This blog represents high-level concepts on HBase architecture components. Following diagram represents the same:
HBase Architecture Components – Key Building Blocks
Following diagram represents the same:
Pay attention to some of the following in relation to above diagram:
- HMaster: Responsible for coordinating the region servers including assigning regions on startup as well as recovery, and, monitoring region servers using Zookeeper
- Region Servers: Manages one or more regions
- Zookeeper: Zookeeper is used as a distributed coordination service for maintaining the server state of the cluster.
- Regions: Records in HBase tables are split horizontally based on the key range. Each of these splits can be called as Regions. A region contains all rows in the table between the region’s start key and end key. A region server can consist of as much as 1000 regions.
- HFile: HFile represents the file which comprises of data written from MemStore. Hfile is written in HDFS. This essentially implies that multiple copies of HFile are maintained.
- MemStore: MemStore is a write cache which is maintained in-memory. The data from WAL is written next to MemStore. MemStore consists of sorted key-value pairs. Once MemStore gets full, the data set is flushed into HFile.
- WAL (Write ahead logs): Any writes to HBase database is first written to WAL.

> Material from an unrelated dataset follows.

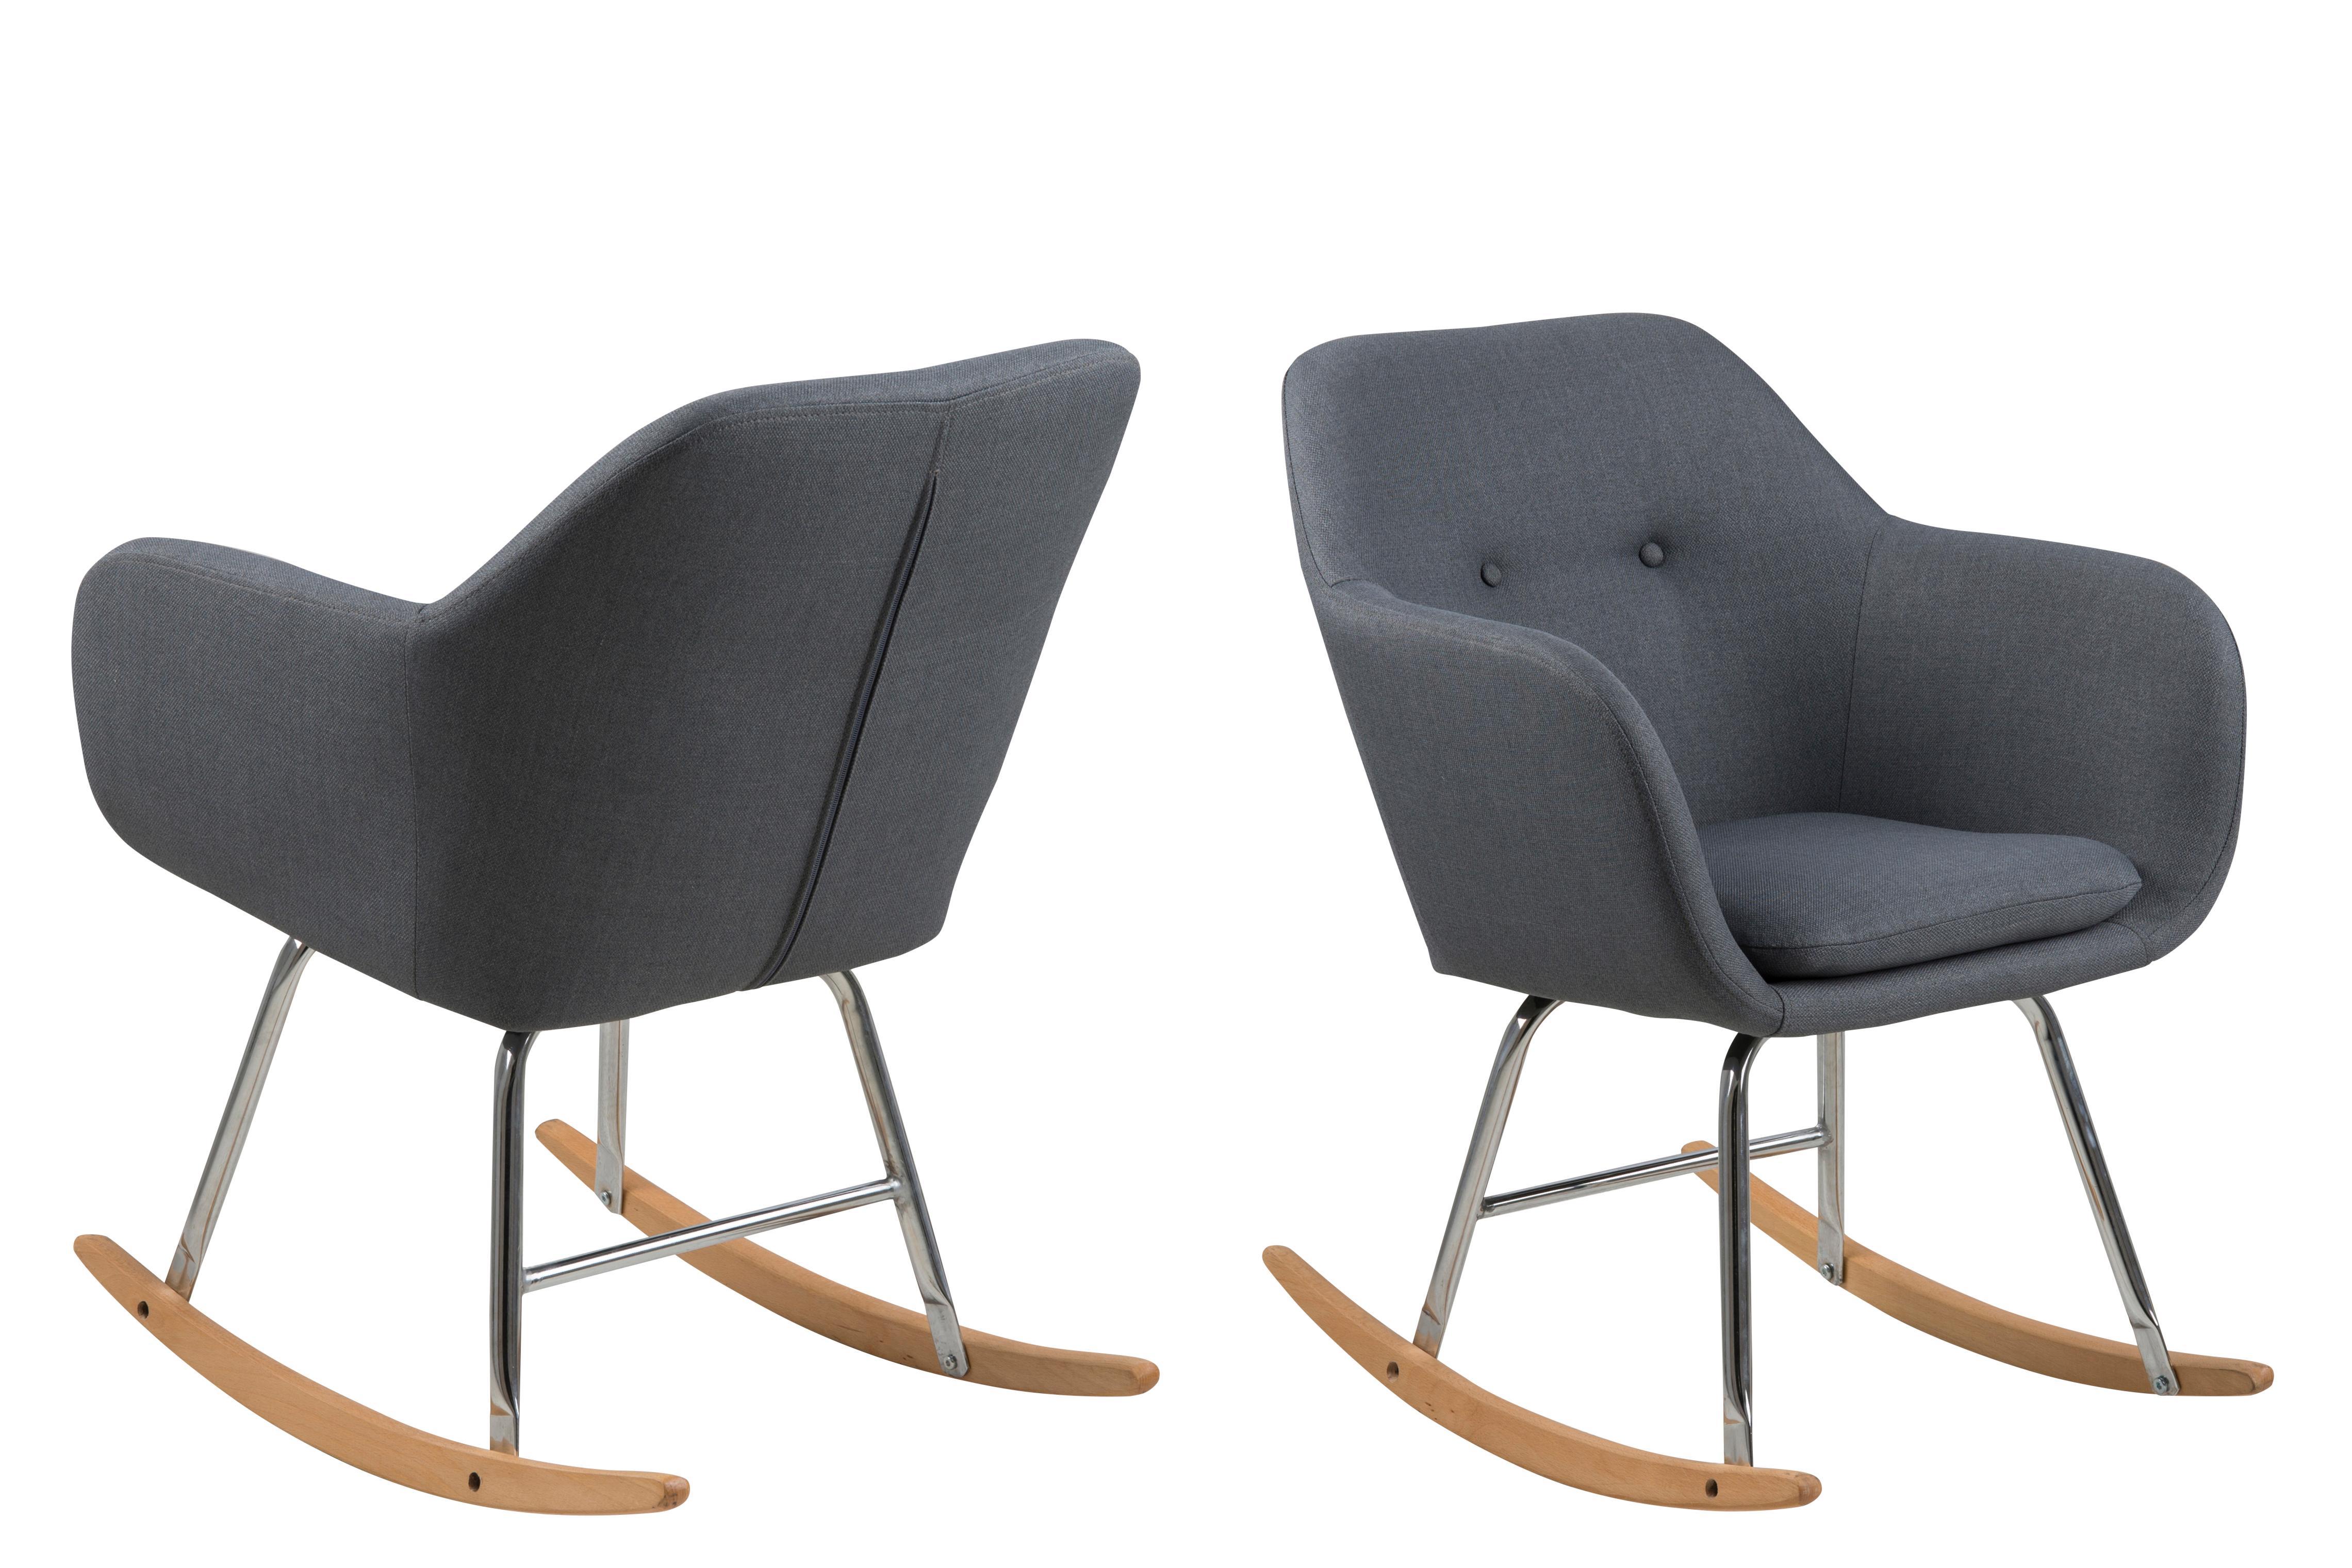 Ac design furniture 64790 schaukelstuhl stoff dunkelgrau for Ac design stuhl nora

- BlockCache: Read cache of HBase. It stores frequently read data in memory. Least Recently Used data is evicted when full.
HBase – Different Kinds of Servers
Following are three different kinds of servers which form part of HBase setup:
- HMaster server
- A Set of region servers
- Distributed Zookeeper servers (replica set of 3 or 5 servers with one master)

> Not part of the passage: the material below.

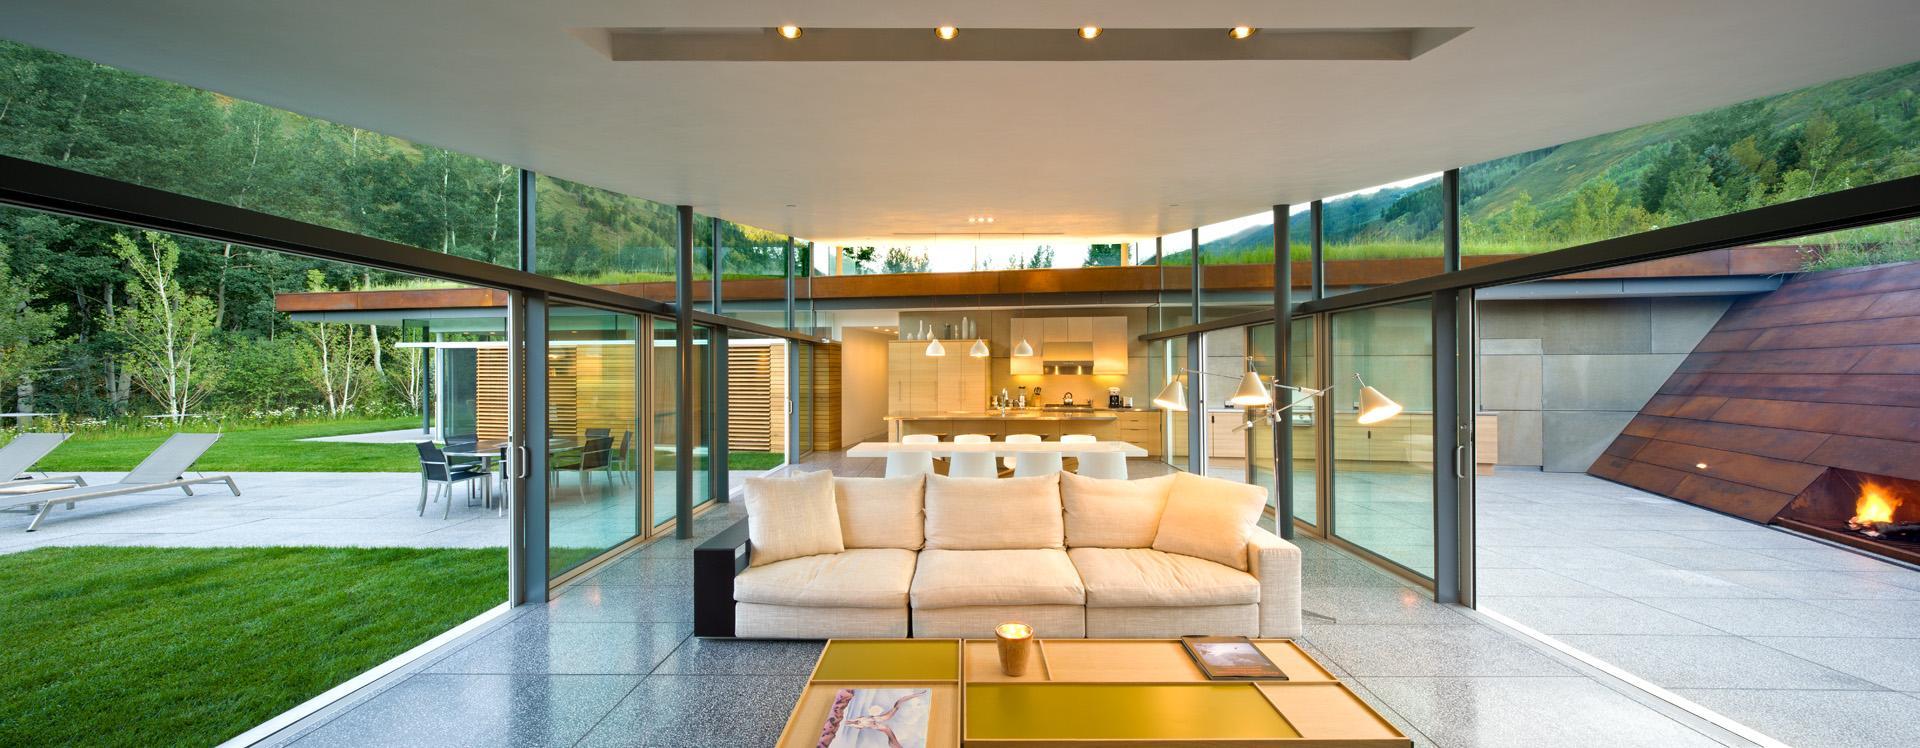 Modern Design Inspiration: 5 Outdoor Fireplaces

How is HBase related to HDFS?
HFile and WAL (write ahead logs) are written into HDFS data node. The following are some of the scenarios you could see the benefits of storing HFile and WAL as part of HDFS:
- What if region server goes down without MemStore data being flushed? Given the fact that copies of WAL is maintained on at least two other nodes, the data in WAL is loaded on MemStore on other region servers and then flushed as HFile which then gets replicated on HDFS data node.
- What is region server goes down with data written only in WAL? As like above, replica of WAL is loaded in MemStore on another region server which is then flushed as HFile and replicated appropriately.
How is HBase related to Zookeeper?
HBase needs Zookeeper primarily for coordination.